= National Institute of Aerospace =

Aerospace research institute in the United States

The National Institute of Aerospace (NIA) is a non-profit research and graduate education institute headquartered in Hampton, Virginia, near NASA's Langley Research Center.

NIA was formed in 2002 by a consortium of research universities. NIA performs research in a broad range of disciplines including space exploration, systems engineering, nanoscale materials science, flight systems, aerodynamics, air traffic management, aviation safety, planetary and space science, and global climate change.

NIA is headed by Dr. Douglas O. Stanley, who was named interim to the post of president and executive director in July 2012. He succeeded Dr. Robert Lindberg, who became the first President and executive director in October 2003.

==Member Institutions==
- American Institute of Aeronautics and Astronautics (AIAA) Foundation
- Georgia Institute of Technology
- Hampton University
- North Carolina Agricultural and Technical State University
- North Carolina State University
- University of Maryland
- Virginia Polytechnic Institute and State University
- University of Virginia
Affiliates
- The College of William & Mary
- Old Dominion University

==Research projects==
About 50 full-time researchers are working on projects at NIA.

NIA conducts a broad range of scientific and engineering research sponsored by NASA, other government agencies and the aerospace industry. This work is performed by resident scientists and engineers, faculty, students and consultants in principal areas of investigation to include space exploration, systems engineering, materials science, flight systems, aerodynamics, air traffic management, aviation safety, planetary and space science, and global climate change.

Research programs, led by faculty in residence at NIA, serve as the core of the Institute's academic research program. Through NIA's University Research Program, faculty and students at NIA member universities collaborate with NASA research leaders in fundamental investigations in aerospace, mechanical, electrical, and systems engineering; materials science; applied mathematics, meteorology and other related fields.

NIA also collaborate with other research institutions worldwide, including universities, government laboratories, industry and other non-profit institutes to accomplish its research objectives. NIA conducts applied research with and for the aerospace industry. Through NIA, industrial partners can gain access to LaRC personnel, facilities and intellectual property.

Research projects include:

- Boron nitride nano tubes (BNNT) research and development for aerospace and public safety applications. In collaboration with NASA Langley, and the Thomas Jefferson National Accelerator Facility, NIA has developed a neutron shielding material using boron-containing nanomaterials, which include boron nanoparticles, boron nitride nanotubes (BNNTs), and boron nitride nano-platelets, as well as the polymer composites thereof. This is proposed for advanced radiation shielding and for shielding against high kinetic energy penetrators (i.e. bulletproof vests, protection against micrometeoroids, etc.)
- Field research in the Republic of Tyva in Siberia to validate satellite studies that show longer periods of drought have strengthened the intensity of fires.
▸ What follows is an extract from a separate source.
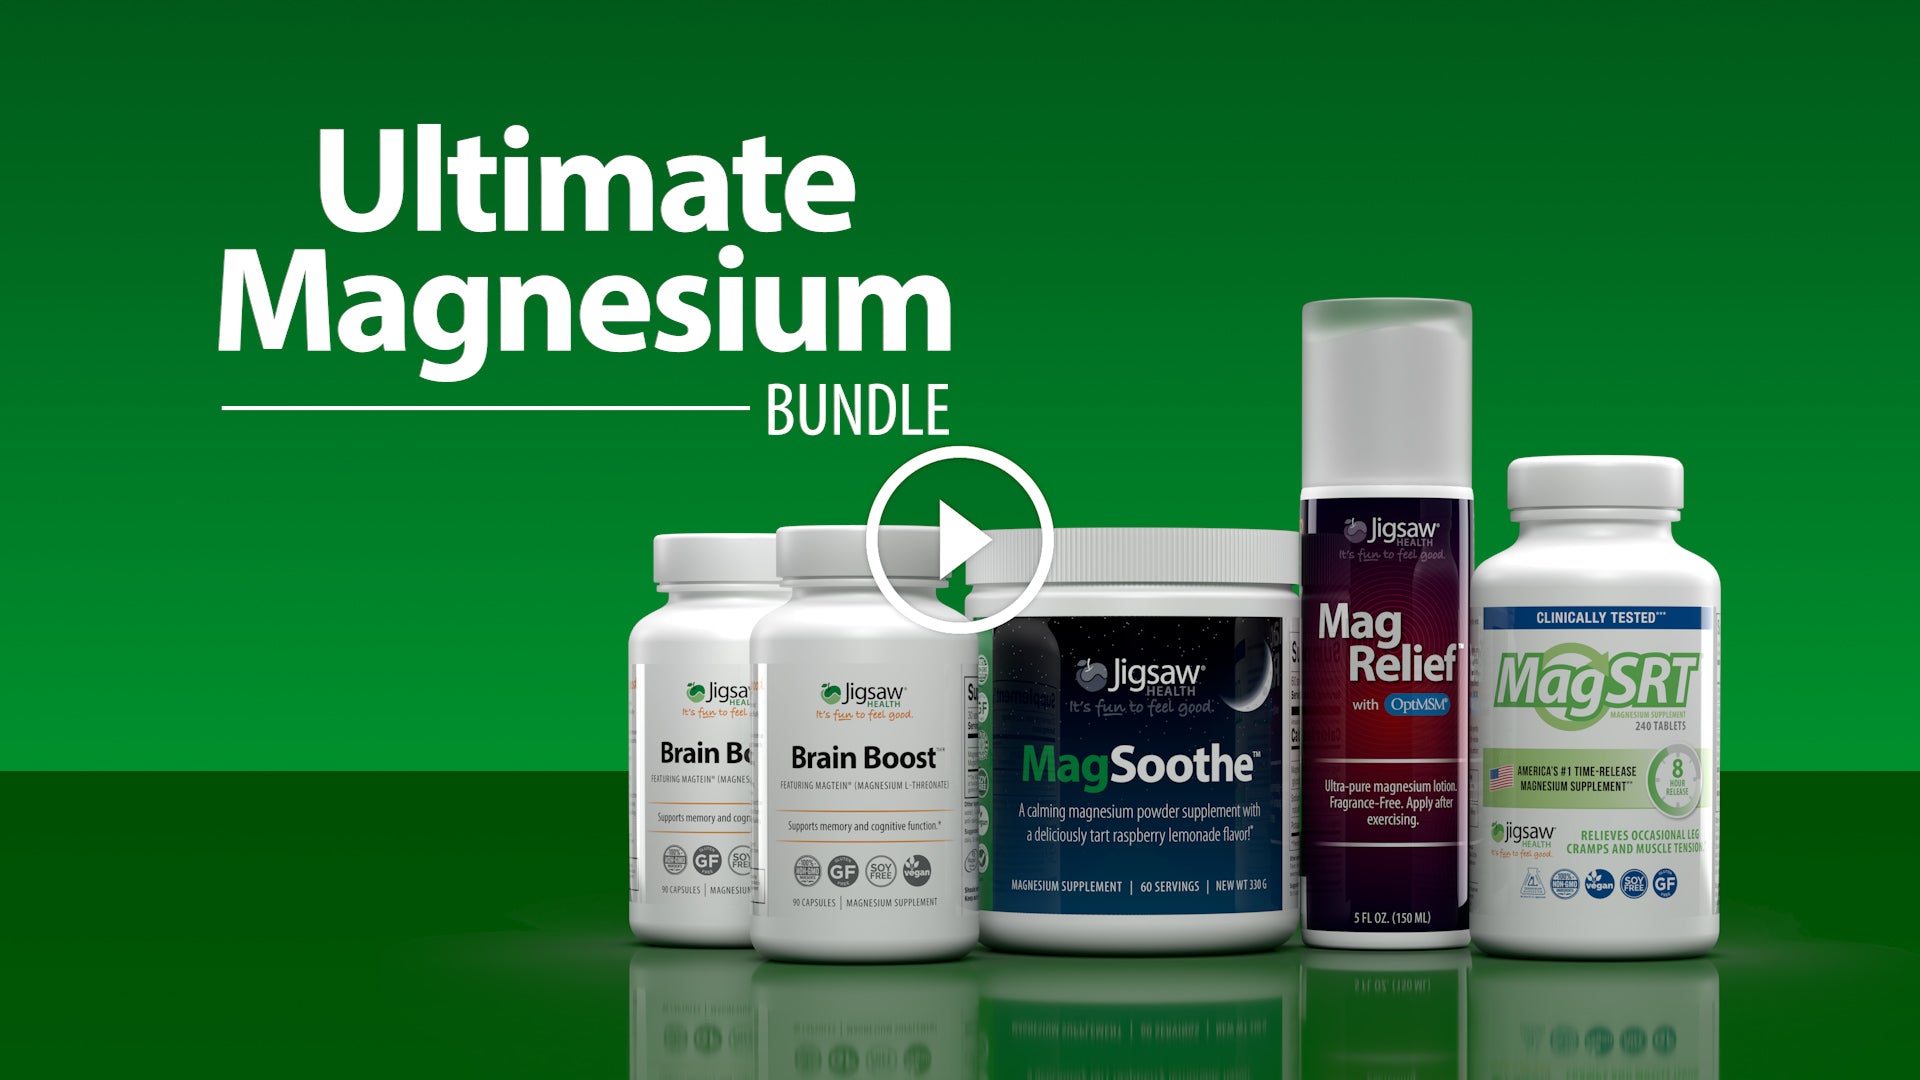 The Ultimate Magnesium Bundle (Video)

Amber Soja, NIA Senior Research Scientist based at NASA's Langley Researcher Center, conducted research that has shown that these more destructive fires have started to impair the growth of pine-dominated forests after fires and are causing some pine forest areas to transition to steppe that stores far less carbon from the atmosphere. Likewise, the research shows that the burns cause more destruction when they occur. According to Soja, in other areas where precipitation is limited to begin with, such as the savannas of Australia, longer droughts might actually reduce the number of wildfires because less vegetation would be available to burn.

==Education==
NIA's graduate program offers M.S. and Ph.D. degrees in the fields of aerospace engineering, mechanical engineering, engineering mechanics, engineering physics, materials science and engineering, electrical engineering, ocean engineering and systems engineering. Degrees are issued through its university partners: Georgia Tech, Hampton University, North Carolina A&T State University, North Carolina State University, the University of Maryland, the University of Virginia, Virginia Tech, Old Dominion University, and the College of William & Mary. Classes are offered on site and through distance education to about 40 graduate students in residence. (Students in residence at NIA are considered in residence at their home university.) NIA also provides Langley Research Center employees the opportunity to pursue a PhD while working.
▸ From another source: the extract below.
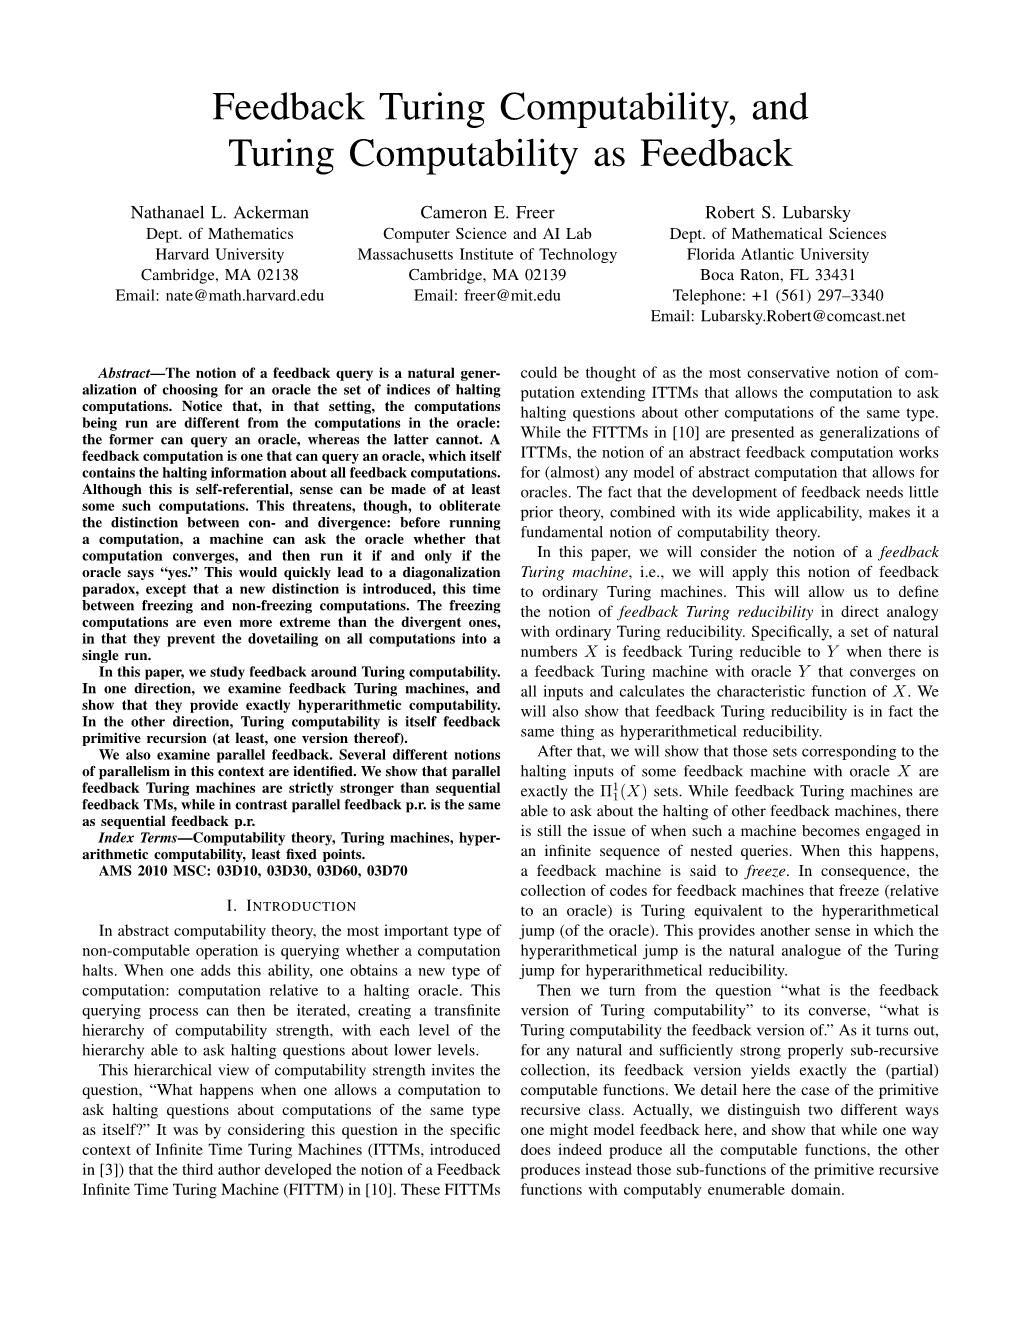 Feedback Turing Computability, and Turing Computability As Feedback

The faculty comprises Langley Professors who share their time between NIA and their home schools:
- Dr. Mool C. Gupta, University of Virginia
- Dr. James Hubbard, Jr., University of Maryland
- Dr. Christopher Fuller, Virginia Tech
- Dr. William Edmonson, North Carolina A&T State University
- Dr. Fuh-Gwo Yuan, North Carolina State University
- Dr. Alan Wilhite, Georgia Institute of Technology

== NIA Research and Innovation Laboratories ==

The NIA Research and Innovation Laboratories opened in early 2012. The building, located at 1100 Exploration Way in Hampton, Virginia consists of a 14-laboratory, 60,000-square-foot building that houses research and development facilities including a wind tunnel, an unmanned aerial vehicles structures lab and a boron nanotube development lab, among other facilities. The new facility also host the Peninsula Technology Incubator (PTI), a subsidiary of NIA, which encourages entrepreneurship.